Kind of an aside, but I've been toying with a simple functional language based on Joy and when it came to exposing the filesystem it seemed too fraught with impurity, so instead I'm just using git as the data storage system. Instead of strings or blobs you have handles that are essentially three-tuples of (git object hash, offset, length). It's early days yet, but so far the approach seems promising. (In re: string literals, well, your literal is in a source file, and your source file is in git, so each literal has its tuple already, eh?)


How feasible is it to store raw content in the Git content-addressable-store (CAS)? Git blobs are Zlib compressed.

I'd like to be able to store audio files uncompressed, so that they could be read directly from the CAS, rather than having to be expanded out into a checkout directory.


IIRC, a git blob has the size of the data encoded in the first 4 bytes of the file, and the data itself appended to it. It could be stored uncompressed, but I don't think there's anything in the git plumbing layer that could deal with it directly.

That said, even if it is compressed, a command like git cat-file could be used to pipe the contents of the file to stdout or any other program that could use them as input without having to create a file on disk.


The header for a blob file is "blob", a space, the length of the content as ASCII integer representation, then a null byte.

    $ echo "hello world" > HELLO.txt
    $ git add HELLO.txt 
    $ cat .git/objects/3b/18e512dba79e4c8300dd08aeb37f8e728b8dad | \
    > zpipe -d | \
    > hexdump -e '"|"24/1 "%_p" "|\n"'
    |blob 12.hello world.|
    $
The header and the content get concatenated together, and the whole thing gets Zlib compressed. The SHA1 is calculated from the header-plus-content before it gets Zlib compressed.

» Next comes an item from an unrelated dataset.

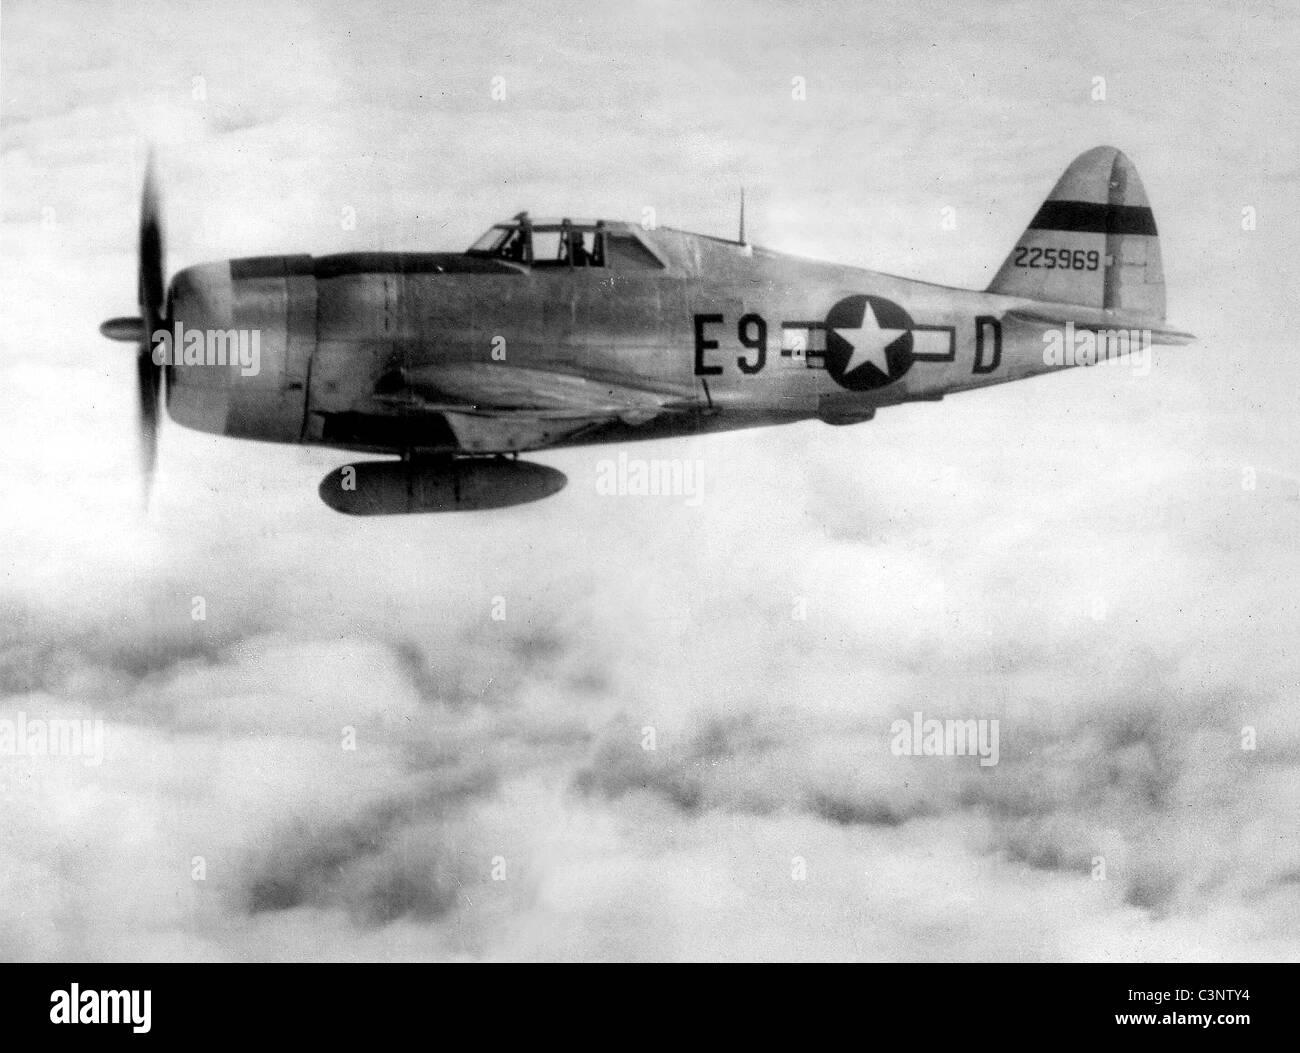 Republic Aviation P-47 Thunderbolt aircraft - Stock Image

    $ cat .git/objects/3b/18e512dba79e4c8300dd08aeb37f8e728b8dad | \                  
    > zpipe -d | \
    > shasum
    3b18e512dba79e4c8300dd08aeb37f8e728b8dad  -
    $
What I would like to do is record an audio file (e.g. LPCM BWF), take its SHA1 and store it in the CAS as raw content, then reference it somehow from a Git commit. That way it will be part of the history and will travel with `push` and `clone`, won't get gc'd, etc.

> That said, even if it is compressed, a command like git cat-file could be used to pipe the contents of the file to stdout or any other program that could use them as input without having to create a file on disk.

That's a neat suggestion! However, I don't see how it would be compatible with random access, which is important for my application.


Basically that's what Git-LFS does; it takes the SHA of the file, stores it in the git version of the file, and then stores the contents next to it. It's all transparent and works pretty well.


Hmm, but the point of Git-LFS is to store large files outside the CAS so that they don't burden operations like `clone`. And Git-LFS does lots of magic.

Maybe to achieve what I've laid out, I really would need to write a Git extension a la Git-LFS. But then vanilla Git wouldn't be able to make full use of it, which undermines the purpose of using Git in the first place.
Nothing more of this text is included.